Все замолчали, когда я встал на край оконного проема, ухватился за лесенку, дугой поднимающуюся на крышу вагона, перебрался на нее и медленно поднялся наверх. Крыша была скользкой, обледеневшей, и я долго не мог разжать пальцы и выпрямиться. Я не видел того, что было внизу, под вагоном. Вокруг меня закручивался спиралью снежный рой, словно творожные хлопья в прокисшем молоке. Вагон подо мной ритмично двигался, словно дышал, и я интуитивно чувствовал высоту, отчего внутри холодело, и руки до боли сжимали лестничную перекладину. Страх на какое-то мгновение сковал меня, и я застыл в нелепой позе, не в состоянии ни выпрямиться, чтобы достать до подвесной системы, удерживающей вагон, ни вернуться назад, к оконному проему.

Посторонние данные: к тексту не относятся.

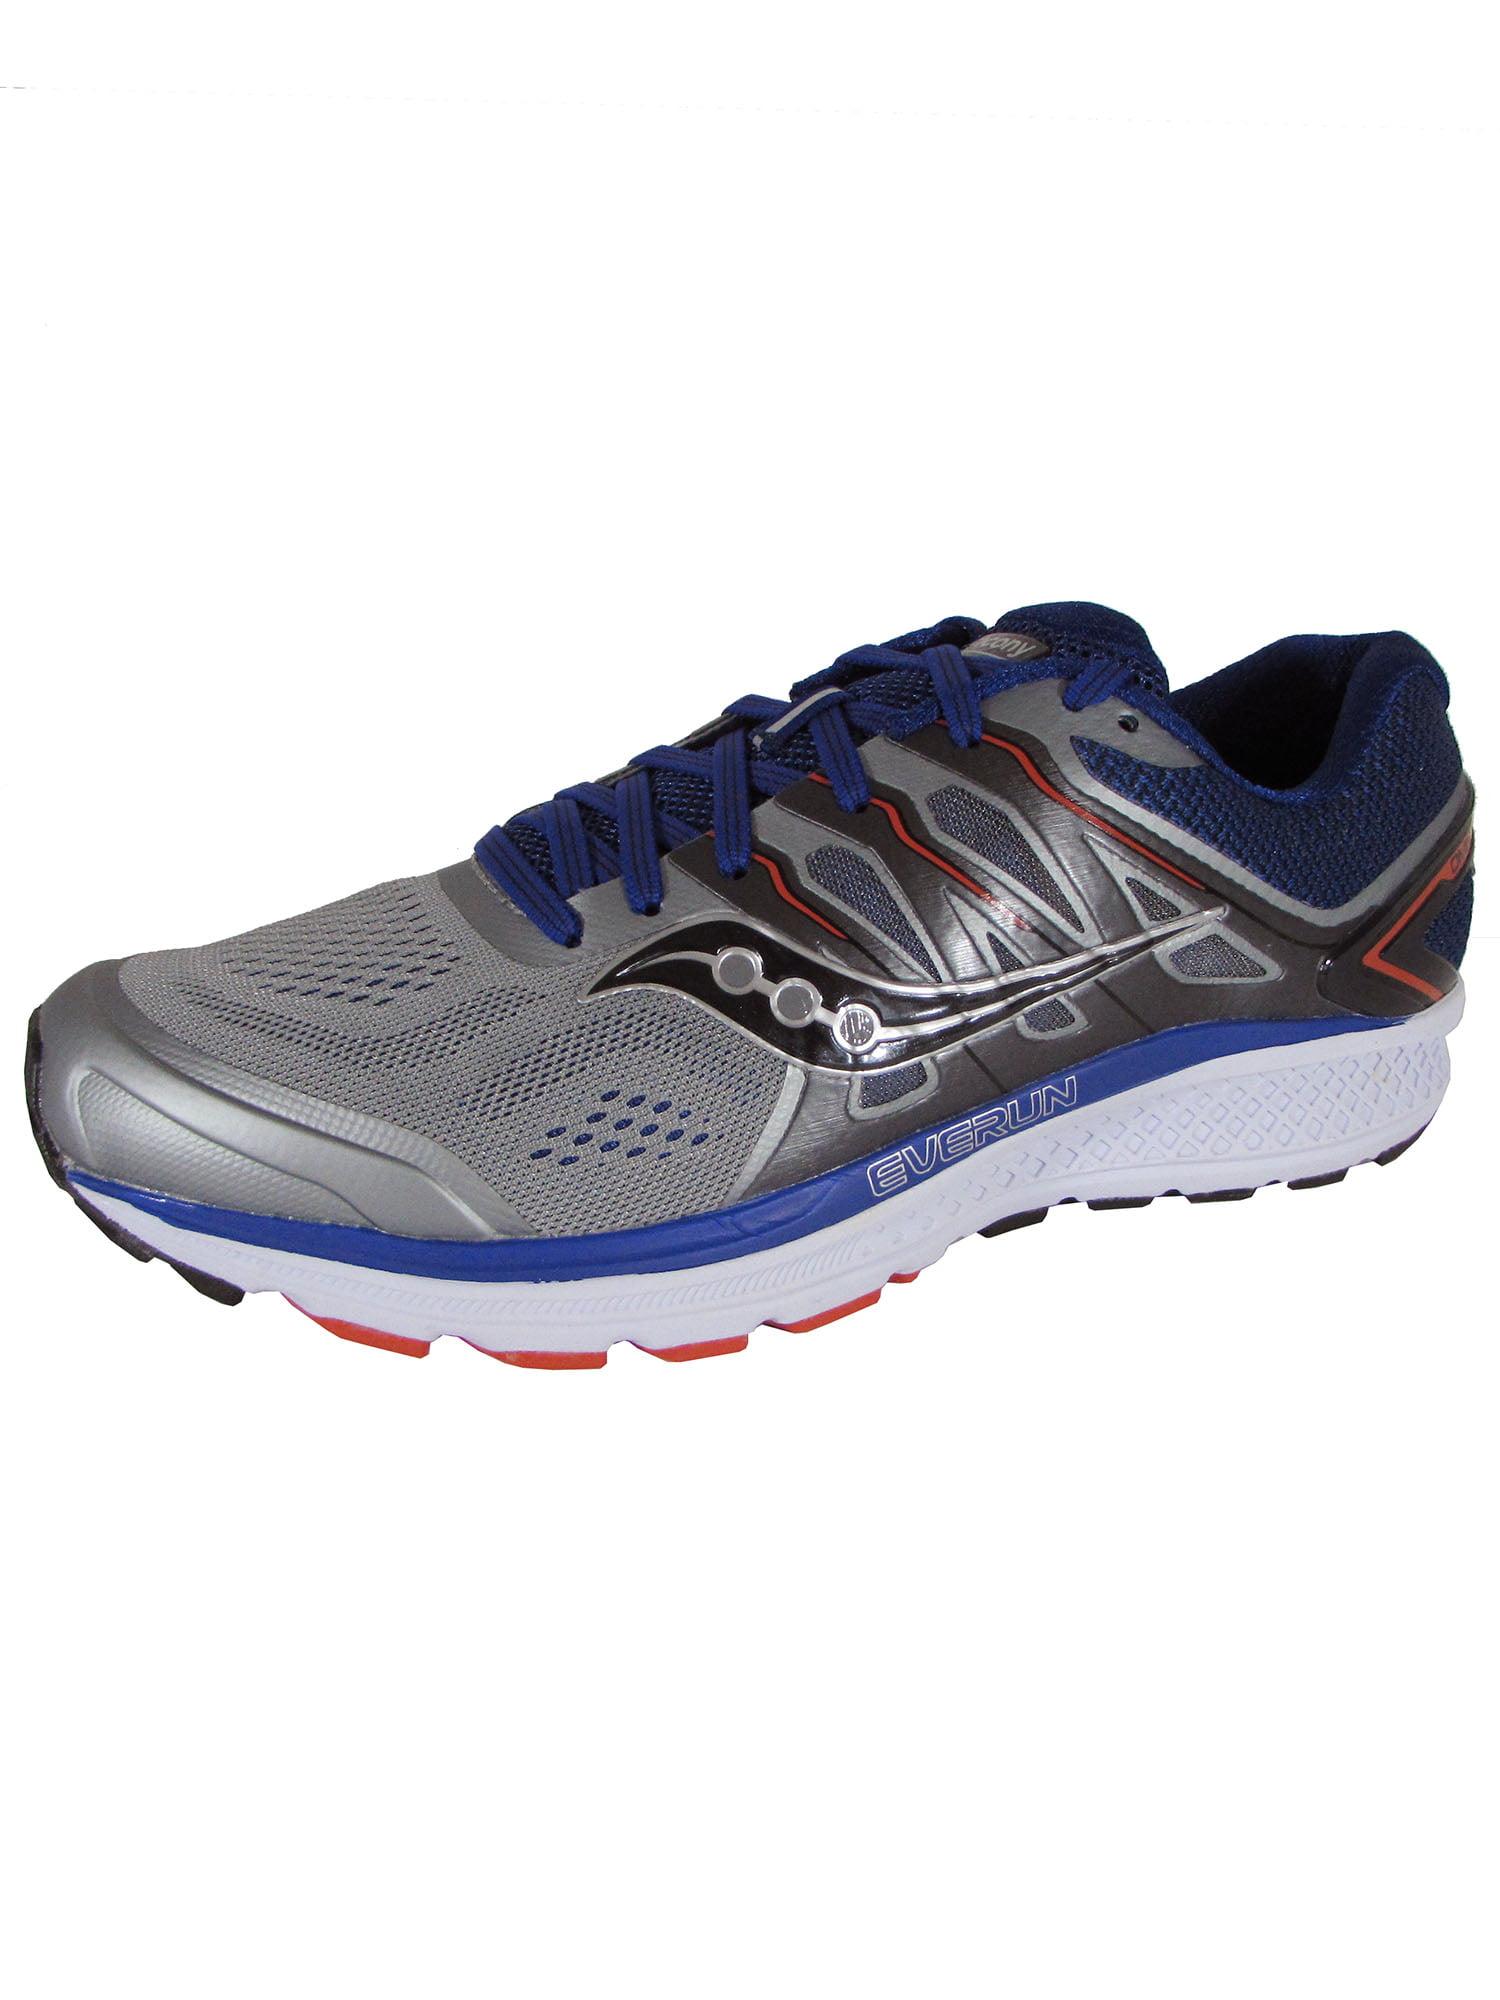 Saucony Mens Omni 16 Running Sneaker Shoes

– Эй, вы там живы? – донесся до меня голос Эда.

– Не кричите так громко, – ответил я, чувствуя, что, как ни странно, голос Эда придал мне уверенности. – А то сильно раскачаете вагон.

– Нет, уже без шуток! Огромная к вам просьба! Если вы каким-то чудом все же спуститесь вниз, не сочтите за трудность позвонить в Москву. Триста восемьдесят четыре, ноль шесть, сорок шесть. Подойдет Рая, скажете ей, что вы – мой друг, а я лежу у вас в номере в сильном подпитии. В долгу перед вами не останусь… вы запомнили?

– Эд, а если чуда все-таки не произойдет, и сбудется ваш мрачный прогноз?

После недолгой паузы Эд ответил:

– Ладно, не надо выжимать из меня слезу. Я вас не заставлял лезть на крышу. Если повезет вам – значит, повезет всем… Ну так как?

– Боюсь, что не смогу вам помочь. Я не собираюсь спускаться на Азау.

– А куда же вы, черт вас подери, собираетесь в таком случае?

– Наверх.

– К бандюгам?! – воскликнул Эд. – Нет, вы в самом деле сумасшедший! Вам выпал такой редкий шанс…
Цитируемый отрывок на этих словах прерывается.